TASK:
Restate word for word the entries below, starting with the line with "Lunes 29 de" and continuing through the line with "SANIKOI Sapro 250". Include both of those lines and no others.

[[ DATA TO USE, beginning ]]

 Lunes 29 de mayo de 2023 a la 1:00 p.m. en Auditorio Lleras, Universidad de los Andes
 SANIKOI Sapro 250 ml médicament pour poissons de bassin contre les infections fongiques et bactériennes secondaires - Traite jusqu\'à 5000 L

[[ DATA TO USE, end ]]
[[ DATA TO USE, beginning ]]

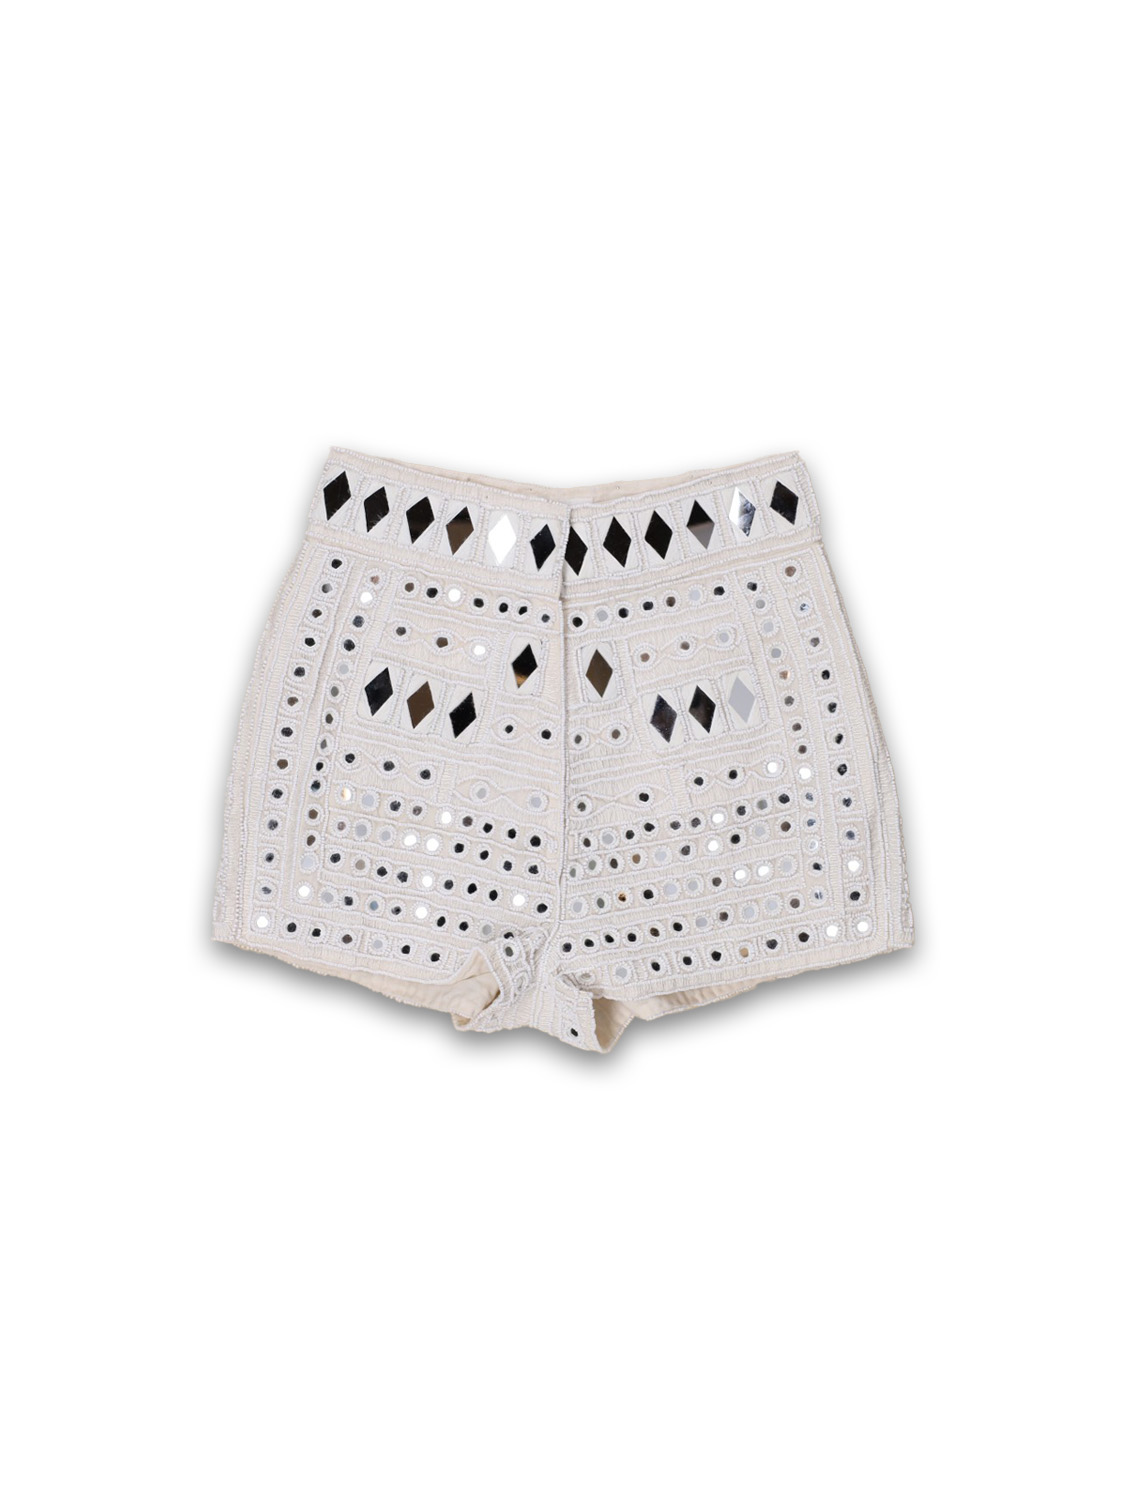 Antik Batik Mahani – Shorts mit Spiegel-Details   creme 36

[[ DATA TO USE, end ]]
[[ DATA TO USE, beginning ]]

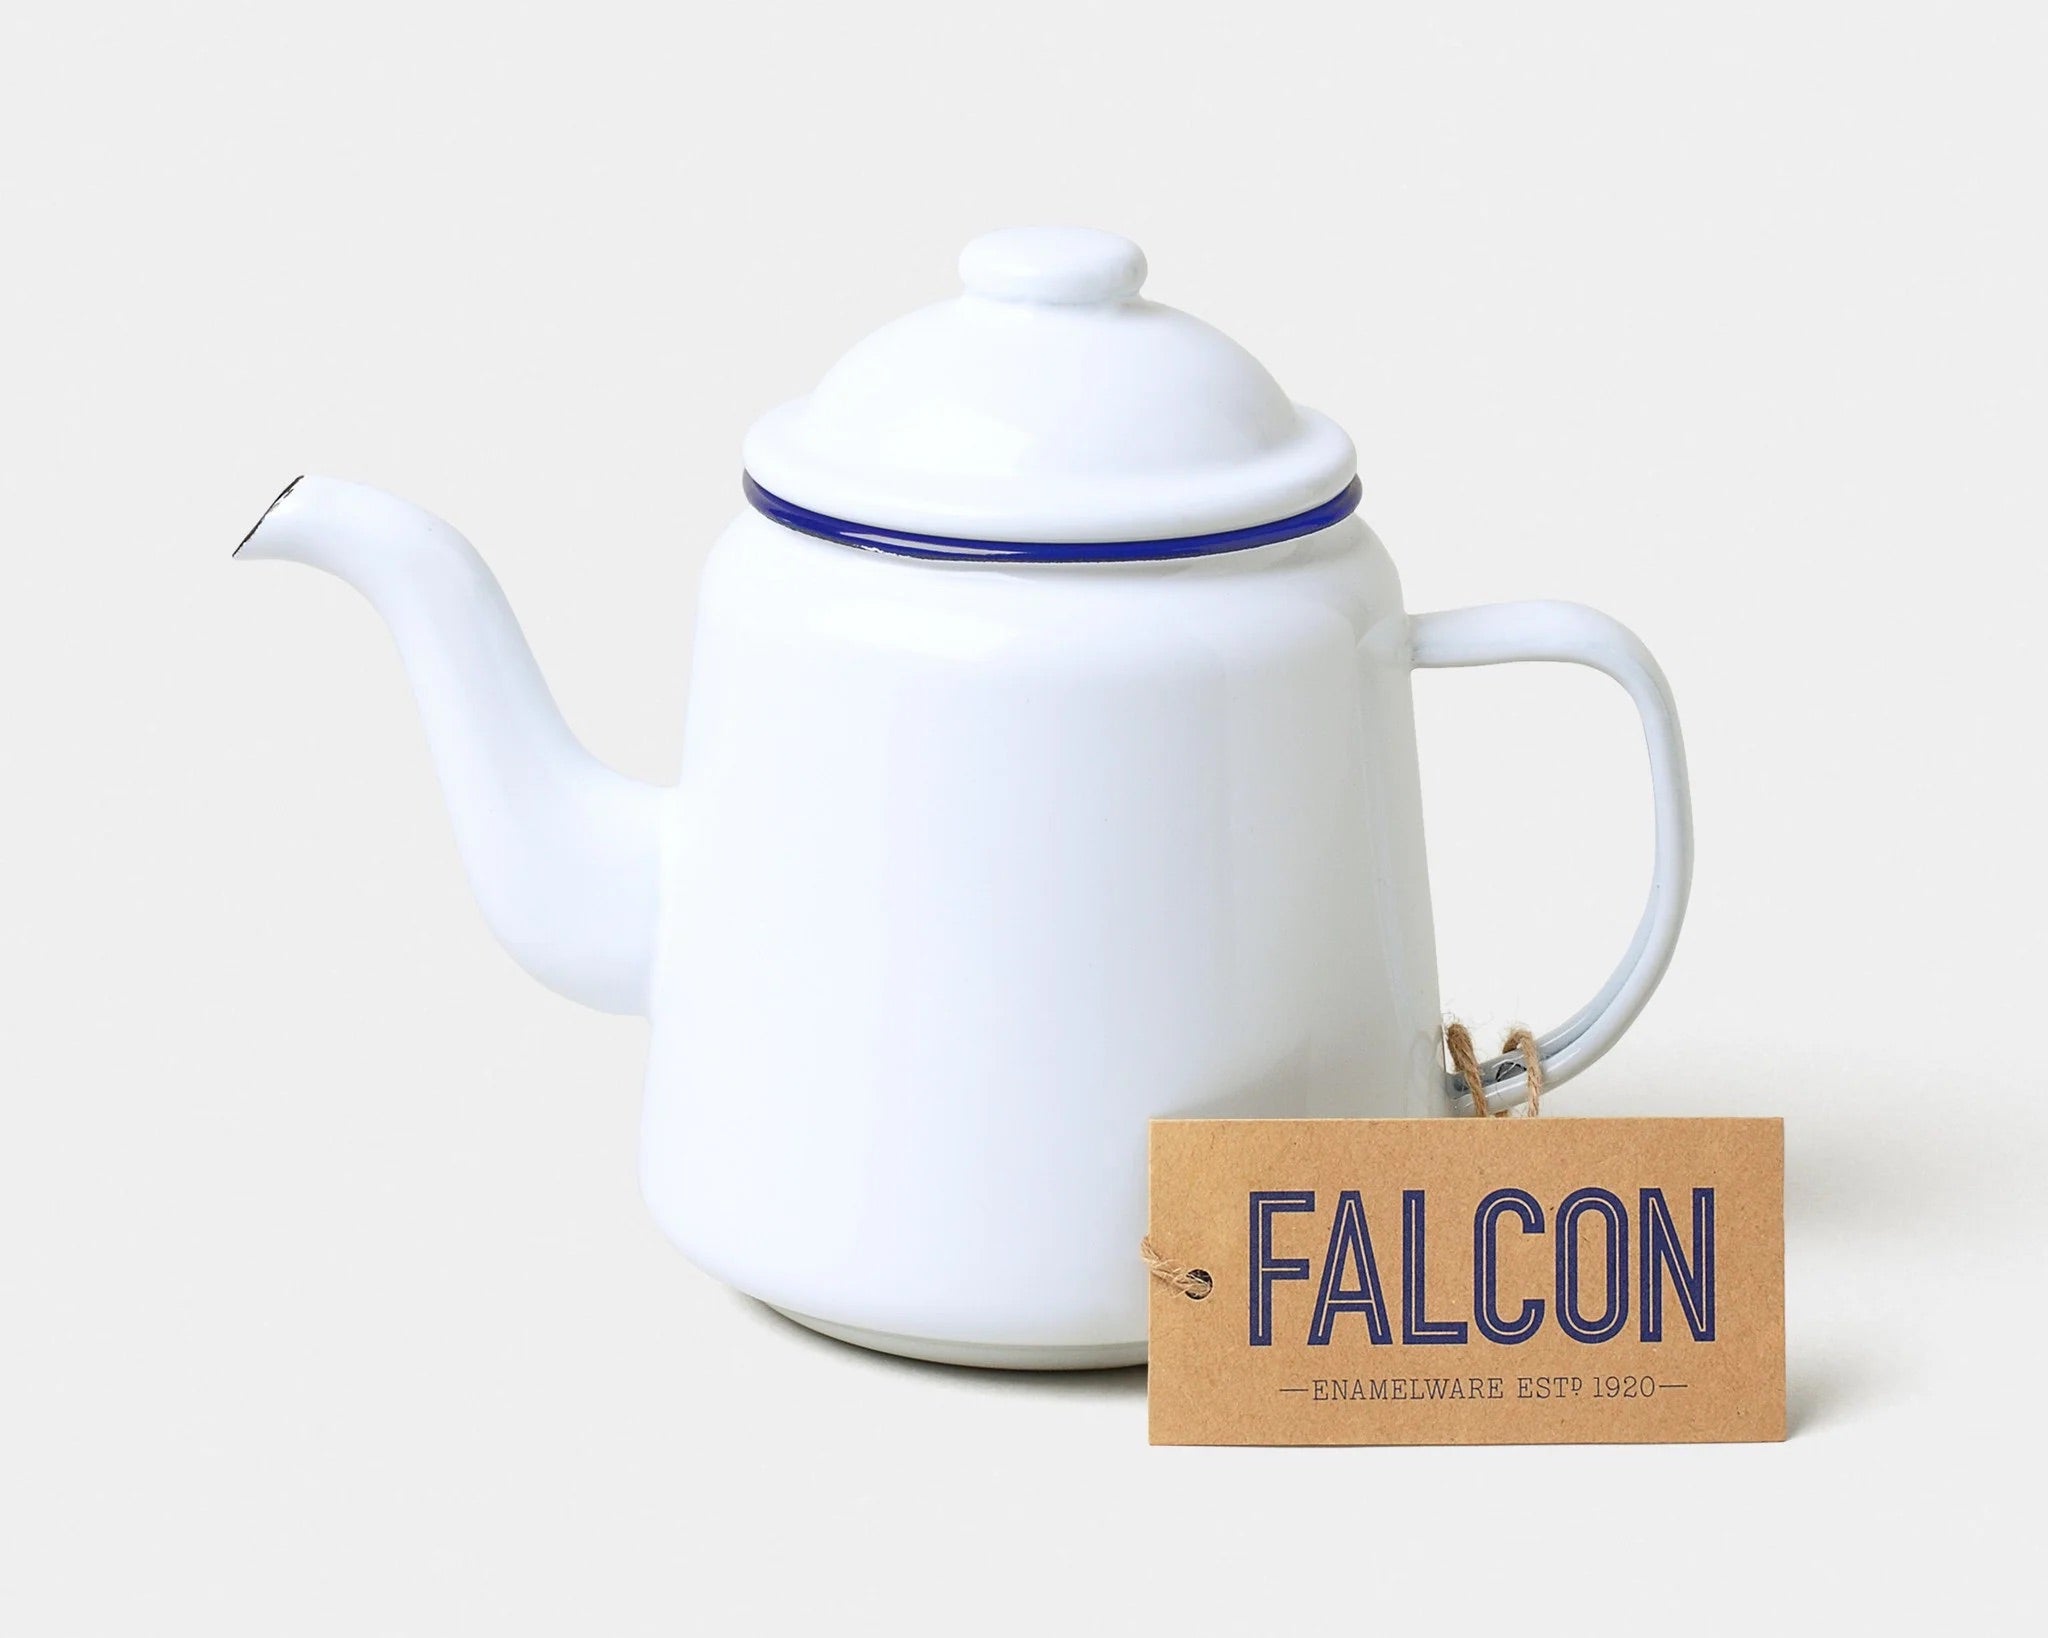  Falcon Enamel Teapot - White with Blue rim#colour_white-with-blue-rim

[[ DATA TO USE, end ]]

SOLUTION FOR THIS PROBLEM:
 Lunes 29 de mayo de 2023 a la 1:00 p.m. en Auditorio Lleras, Universidad de los Andes
 SANIKOI Sapro 250 ml médicament pour poissons de bassin contre les infections fongiques et bactériennes secondaires - Traite jusqu\'à 5000 L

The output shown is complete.